Recovering galaxy stellar population properties from broad-band spectral energy distribution fitting II. The case with unknown redshift

TL;DR

This study investigates how well galaxy properties and redshifts can be simultaneously recovered from broad-band spectral energy distribution fitting, emphasizing the importance of wavelength coverage and template setup for accuracy.

Contribution

It demonstrates the feasibility of estimating photometric redshifts and stellar populations simultaneously, highlighting improvements for passive galaxies and the impact of wavelength coverage.

Findings

Photometric redshifts, masses, and reddening can be accurately recovered for high-z star-forming galaxies.

Mass recovery improves for old galaxies when redshift is also fitted.
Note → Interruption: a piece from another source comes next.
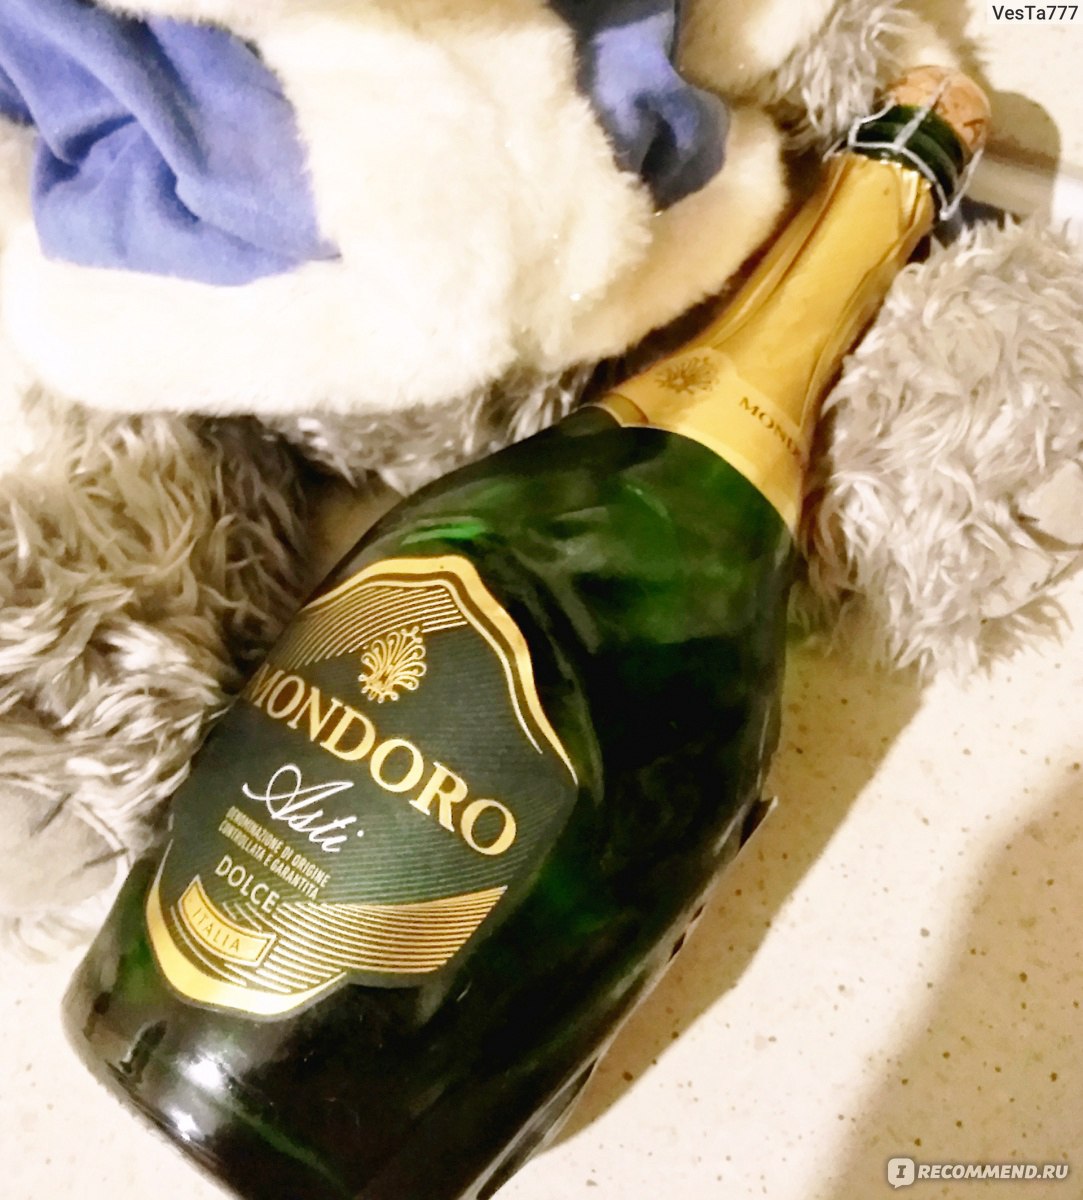 Бутылка шампанского мондоро. Вино Мондоро Асти. Mondoro 2000. Шампанское Мондоро Асти 2000 год. Игристое вино Asti "Mondoro".

Recovery of galaxy properties depends critically on wavelength coverage.

Abstract

(Abridged) In a recent work we explored the dependence of galaxy stellar population properties derived from broad-band spectral energy distribution fitting on the fitting parameters, e.g. SFHs, age grid, metallicity, IMF, dust reddening, reddening law, filter setup and wavelength coverage. In this paper we consider also redshift as a free parameter in the fit and study whether one can obtain reasonable estimates of photometric redshifts and stellar population properties at once. We use mock star-forming as well as passive galaxies placed at various redshifts (0.5 to 3) as test particles. Mock star-forming galaxies are extracted from a semi-analytical galaxy formation model. We show that for high-z star-forming galaxies photometric redshifts, stellar masses and reddening can be determined simultaneously when using a broad wavelength coverage and a wide template setup in the fit. Masses are similarly well recovered (median ~ 0.2 dex) as at fixed redshift. For old galaxies with little recent star formation masses are better recovered than in the fixed redshift case, such that the median recovered stellar mass improves by up to 0.3 dex whereas the uncertainty in the redshift accuracy increases by only ~ 0.05. However, a failure in redshift recovery also means a failure in mass recovery. As at fixed redshift mismatches in SFH and degeneracies between age, dust and now also redshift cause underestimated ages, overestimated reddening and underestimated masses. Stellar masses are best determined at low redshift without reddening in the fit (median underestimation ~ 0.1 dex for similarly well recovered redshifts). Not surprisingly, the recovery of properties is substantially better for passive galaxies. In all cases, the recovery of physical parameters is crucially dependent on the wavelength coverage adopted in the fitting. Scaling relations for the transformation of stellar masses are provided.